Sunday, October 17, 2004

NOVELTIES & SOUVENIRS--Day 4

"Snow" from John Crowley's collection Novelties & Souvenirs is a miracle of memory, nostalgia, loss, and rather amazing writing. The story is so fragile, mimicking its subject matter, that when I first read it I thought for sure I would not be thinking about it weeks later, and yet I am. It's true that the story exists only because of a SF gimmick, but the more I remembered the beautiful little moments in "Snow" the less I cared.

Basically, in Crowley's imagined near-future the rich can buy a kind of "wasp"--a flying electronic recording device that follows a person throughout their entire life. The recording is then downloaded to a monitor and the "videotape" displayed at the person's gravesite/mausoleum. Mourners can access the images, but due to the way the information is collected, there are certain limitations, certain ways in which the images decay.

The narrator of "Snow" is the now slightly aging ex-lover of Georgie, a rich woman who sponsore his writing attempts but who more or less kept him as her own personal gigolo. Passages like these reveal so much character-wise, while seeming casual, effortless.

Now that [my] looks are all but gone, I can look back on myself as a young hunk and see that I was in a way a rarity, a type that you also run into more often among women than men, the beauty unaware of his beauty, aware that he affects women profoundly and more or less instantly but doesn't know why; thinks he is being listened to and understood, that his soul is being seen,when all that's being seen is long-lashed eyes and a strong, square tanned wrist turning in a lovely gesture, stubbing out a cigarette.


I love the end of that section, the "strong, square tanned wrist turning in a lovely gesture, stubbing out a cigarette." Somehow, even without it being said, you can see an expensive watch on that wrist. You can see the callowness of the character as well.

Now searching for more meaning in his life, the narrator accesses the memories of Georgie, who has since died. He does so in a place deader than a graveyard:

Now, after some hundreds of hours spent there underground, now when I have long ceased to go through those doors...I know that the solitude I felt myself to be in was real. The watchers around me, the listeners I sensed in other chambers, were mostly my imagination. There was rarely anyone there. These tombs were as neglected as any tombs anywhere usually are. Either the living did not care to attend much on the dead--when have they ever?--or the hopeful buyers of the contracts had come to discover the flaw in the access concept: as I discovered it, in the end.


The best parts of the story are the accessed memories--the minimalistic way in which Crowley writes those sections just underscores the fleeting nature of our memories. One of the most telling details comes when the narrator writes that he can no longer distinguish between his own memories and the ones imposed on him by what he has viewed. It's at this level, among others, that we identify with the story--how many times have images, videotaped or still, replaced our own memories. Until finally we are living someone else's version of events, in a sense.

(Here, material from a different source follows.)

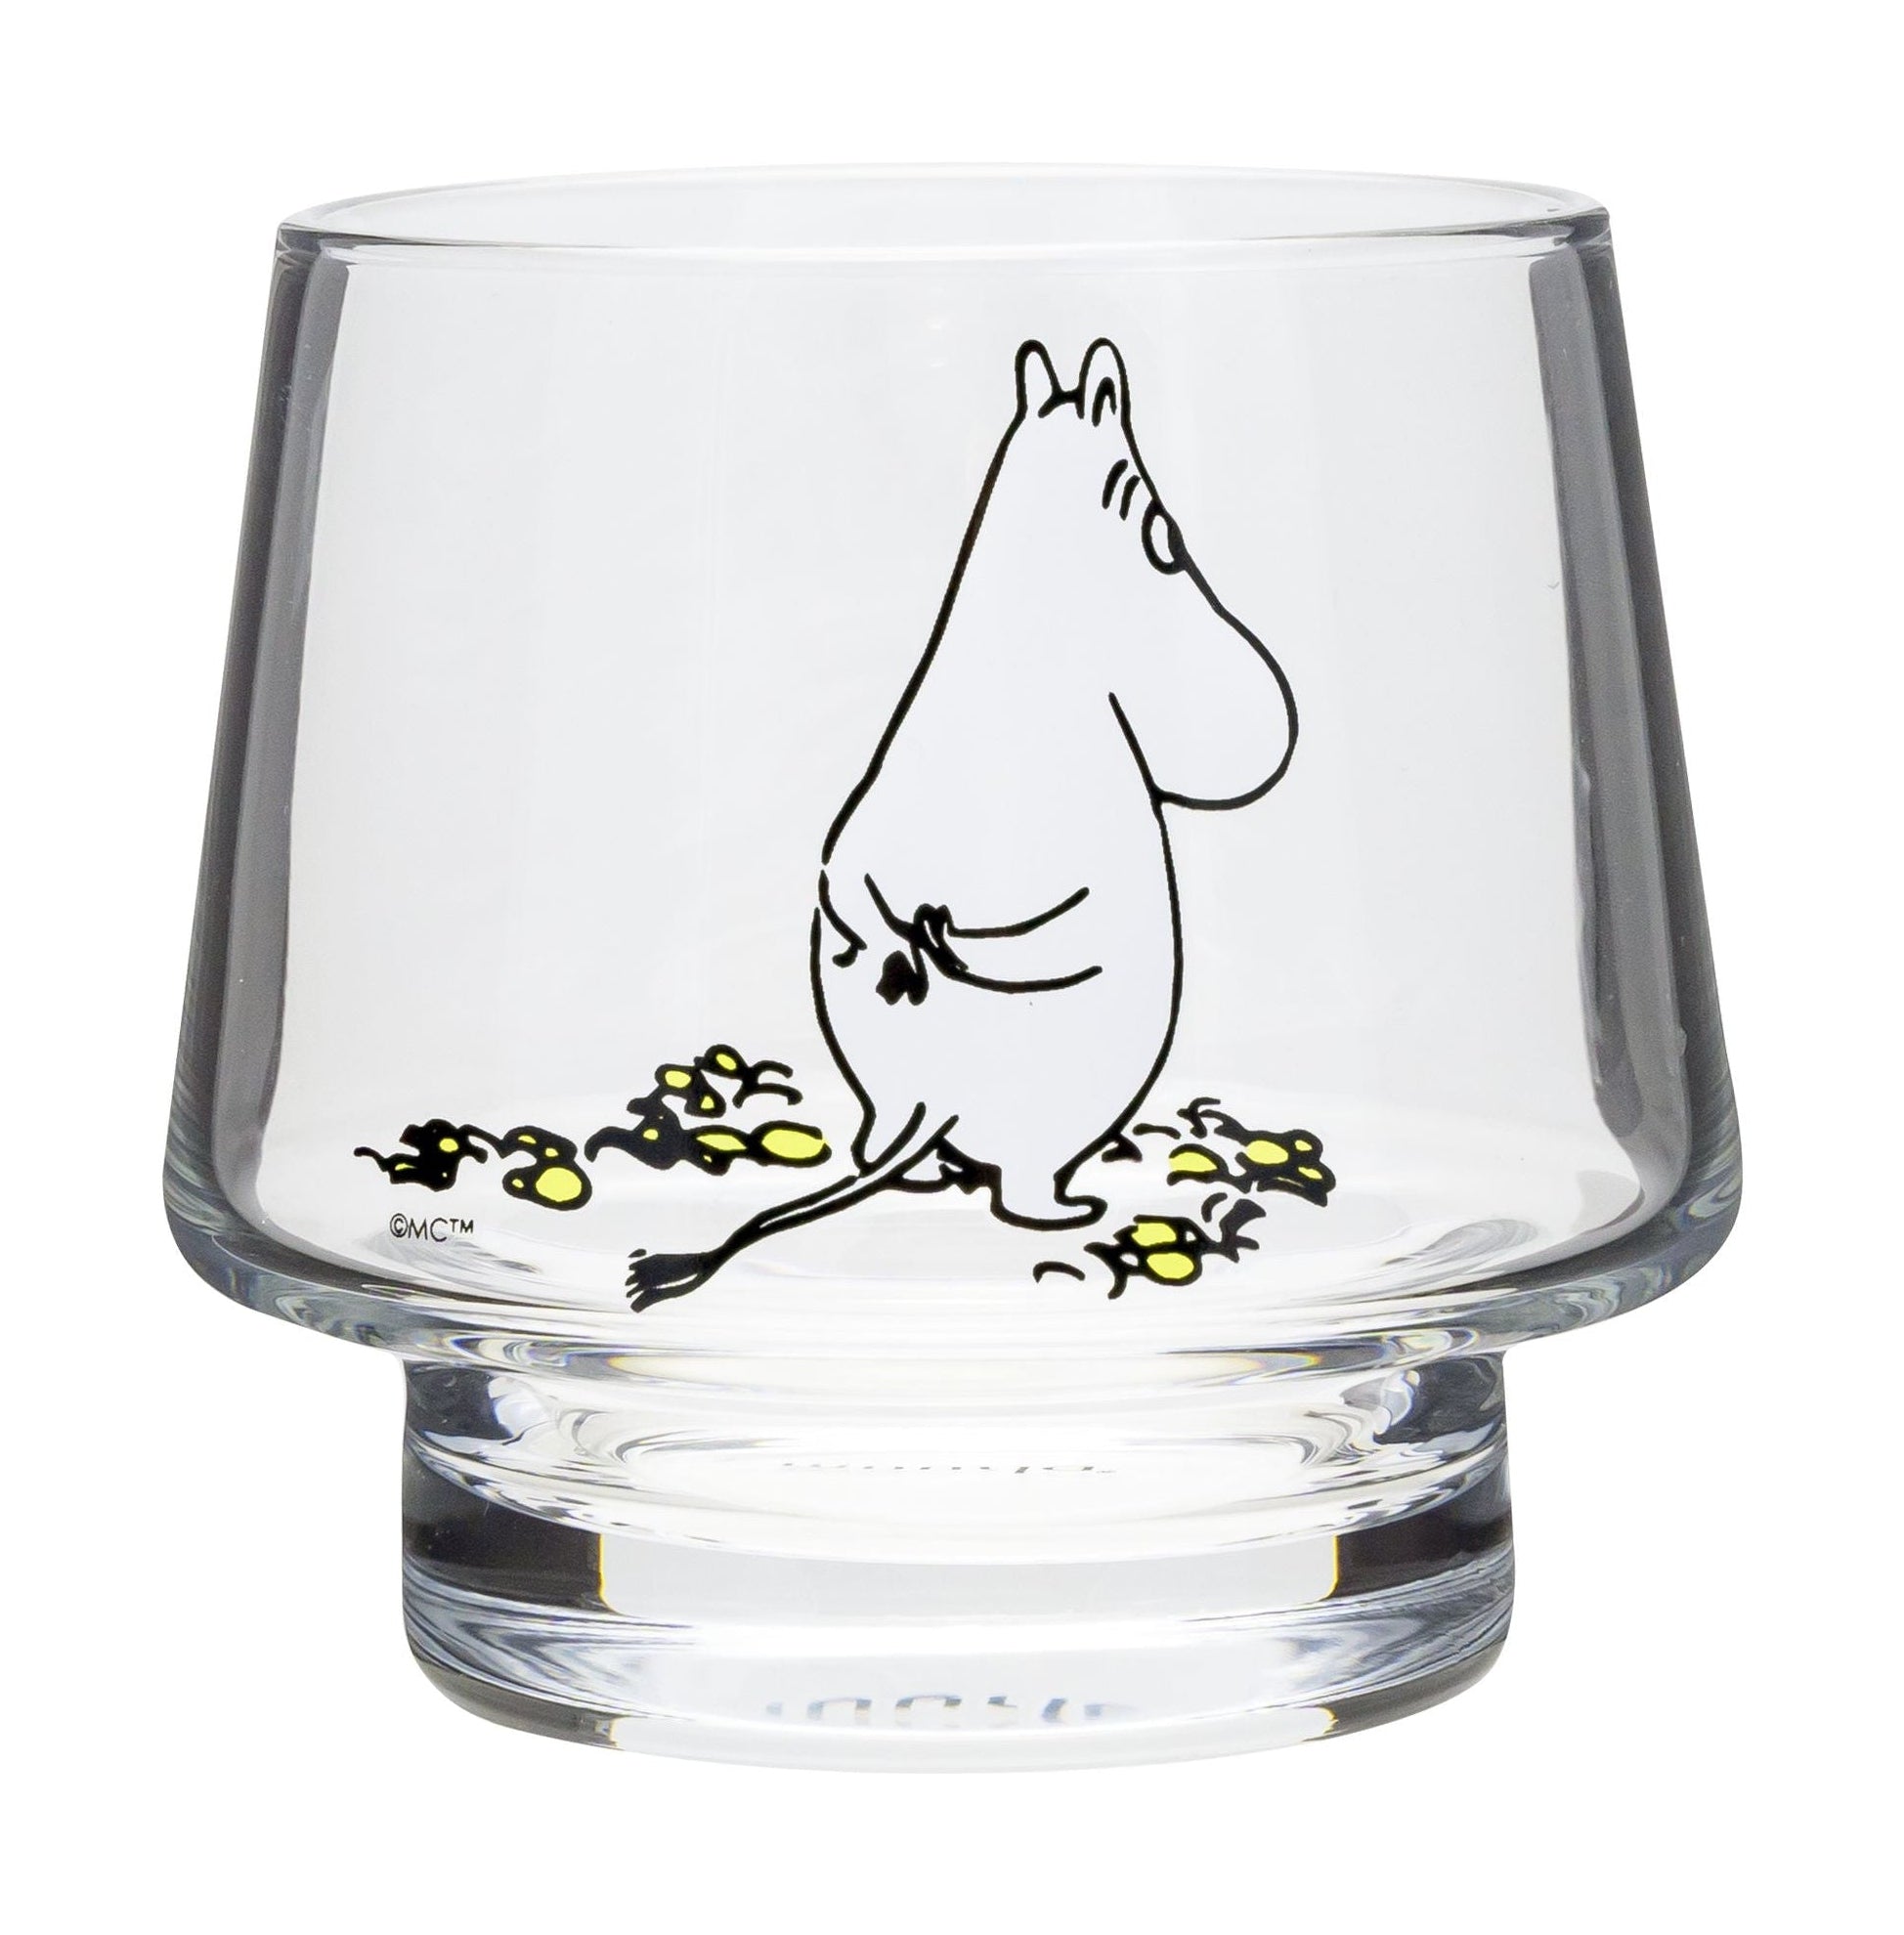 Muurla Moomin Originals Teelight -Halter, das Warten

I'd love to quote more from this story, but I really think anyone who hasn't read it should pick up this collection and read it immediately, so I'm in no hurry to spoil "Snow" for anyone.


(Evil Monkey: "So...yesterday I'm told you thought a guy trimming grass with a weedwacker was actually a guy walking his squirrel on a leash." Jeff: "It was early. I was tired. The handle on the weedwacker was pretty thin, looked like a leash." Evil Monkey: "Hmmm. Okay. So--holding up okay? Any word from...certain quarters?" Jeff: "No, of course not. It's Sunday. Geez." Evil Monkey: "Dude. I've never mistaken a weedwacker for a squirrel on a leash." Jeff: "You have no limbs. Shut up.")

2 Comments:

At 7:04 PM, Anonymous Anonymous said...

Robert:

You make a really good point. Crowley does, in fact, invest the "wasp" with a kind of personality. I didn't really mean to make it sound like this was a bad thing in the story. I think in the hands of most writers the wasp *would* be a gimmick. It would be the MacGuffin, in a sense. But Crowley escapes this trap. It's true the story couldn't exist without the wasp, but so what? I like your description of Crowley's writing.

It's funny--I've had so much trouble getting into Crowley's novels, but I'm enjoying his short fiction so much. I really hope that when I return to his novels I'll have found the key to them.

JeffV

 
At 5:42 PM, Anonymous Anonymous said...

This story sounds very much like the new Robin Williams movie(I don't remember the title). Do you know if that movie is based on Crowley's story? If he is not credited, it sounds like he should be.